1763-01-09, de Voltaire [François Marie Arouet] à Paul Claude Moultou.

Je suis trés touché, Monsieur, de vôtre Lettre, et de plus très éclairé; je sens bien que je marche sur des charbons ardents; on est tantôt en colère, et on a tantôt envie de pouffer de rire quand on lit l'histoire des Hébreux.
En vérité l'olivier sauvage sur lequel on a grèffé l'olivier franc, était un vilain chardon.

Vous ètes bien plus hardi que moi, vous me proposez d'oser dire qu'on ne peut attribuer à la divinité des loix intolérantes; je suis bien de vôtre avis, mais le Deuteronome n'en est pas, car ce Deuteronome ordonne de tuer son frère, son fils, sa fille, sa mère, sa femme, s'ils prophétisent des choses vraies, et si en prophétisant ils s'éloignent du culte reçu; celà est aussi absurde qu'horrible, mais comment le dire? Nos seigneurs les Evêques me feraient brûler comme un porc. Je me vois entre des gens qui disent que deux et deux font cinq, et des prépuciés qui disaient que deux et deux et deux font six; je ne laisse pas d'être assez embarassé entre ces deux espèces de petites maisons.

Je n'ai jamais dit, révérence parler, que les huguenots étaient par principe ennemis des rois. Je crois cependant, entre nous, qu'il en est quelque chose. Quel est l'homme en éffet qui n'aimerait pas mieux être né libre que sujet? J'ai dit seulement que Jaques (qu'Henry 4 appellait toujours, maître Jaques) regardait les presbitériens comme ennemi du thrône, et il n'avait que trop raison.
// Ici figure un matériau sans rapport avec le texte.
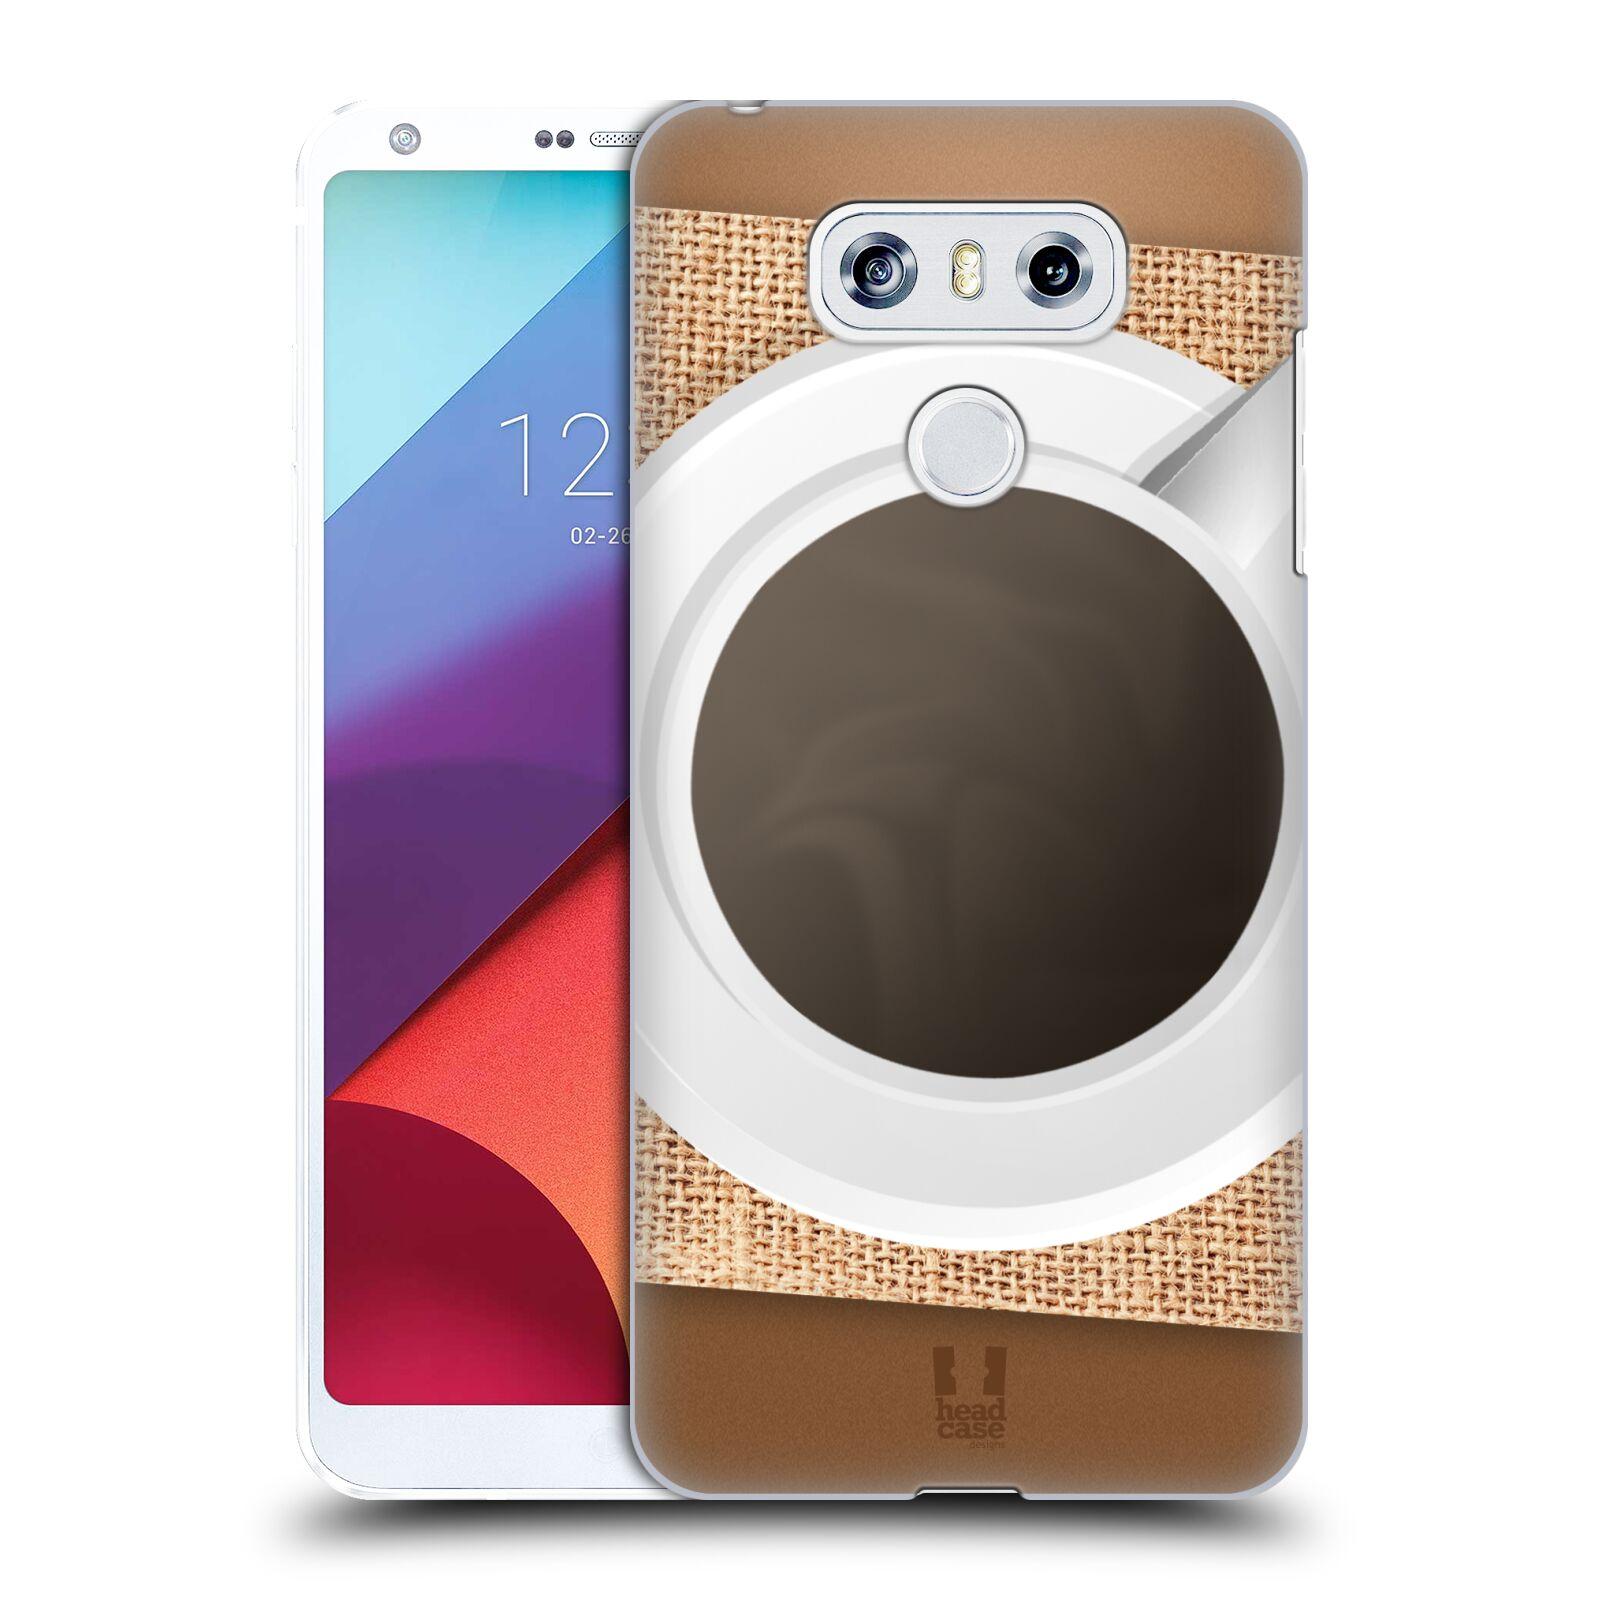 Funda trasera rígida Diseños Camaleón HEAD caso para LG G6

Il est bien vrai que les Evêques se servent des rois, et les rois des Evêques, pour affermir tour à tour leur pouvoir. Je crois qu'il faut tâcher d'éloigner icy cette question odieuse; n'éfarouchons point ces deux puissances, tâchons plutôt de leur plaire.
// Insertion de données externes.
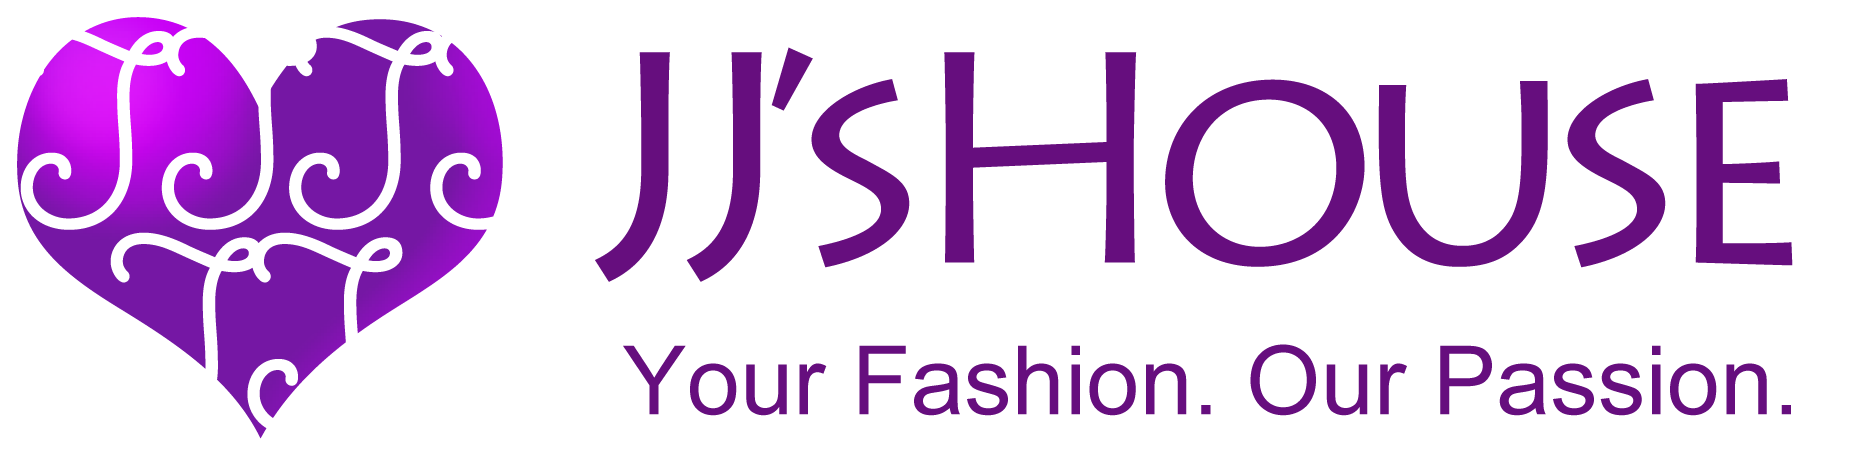 Znalezione obrazy dla zapytania jjshouse logo

J'ai beaucoup retravaillé l'ouvrage en question; je me dis toujours, il faut tâcher qu'on te lise sans dégoût; c'est par le plaisir qu'on vient à bout des hommes; répands quelques poignées de sel et d'épices dans le ragoût que tu leur présentes, mêle le ridicule aux raisons, tâche de faire naître l'indifférence, alors tu obtiendras sûrement la tolérance.

J'aurais bien des choses à vous dire sur tout celà, et principalement sur les voies qu'on pourait prendre pour qu'on traitât comme des citoyens, les malhonnêtes gens qui ne croient pas qu'un même corps puisse être à la fois en cent mille endroits différents, qu'un capucin fait Dieu, et que ce Dieu est mangé des rats quand ce capucin n'a pas soin de fermer la boëte.

Je vous remercie de vos livres: mais je vous remercierais bien d'avantage, si vous aviez la bonté de venir coucher à Ferney quelque jour avec nôtre arien, ou sans vôtre arien.

En cas que vous n'ayez pas vôtre Equipage, ordonnez le mien pour le jour qu'il vous plaira.

Rien n'est égal à mon estime et à mon attachement pour vous.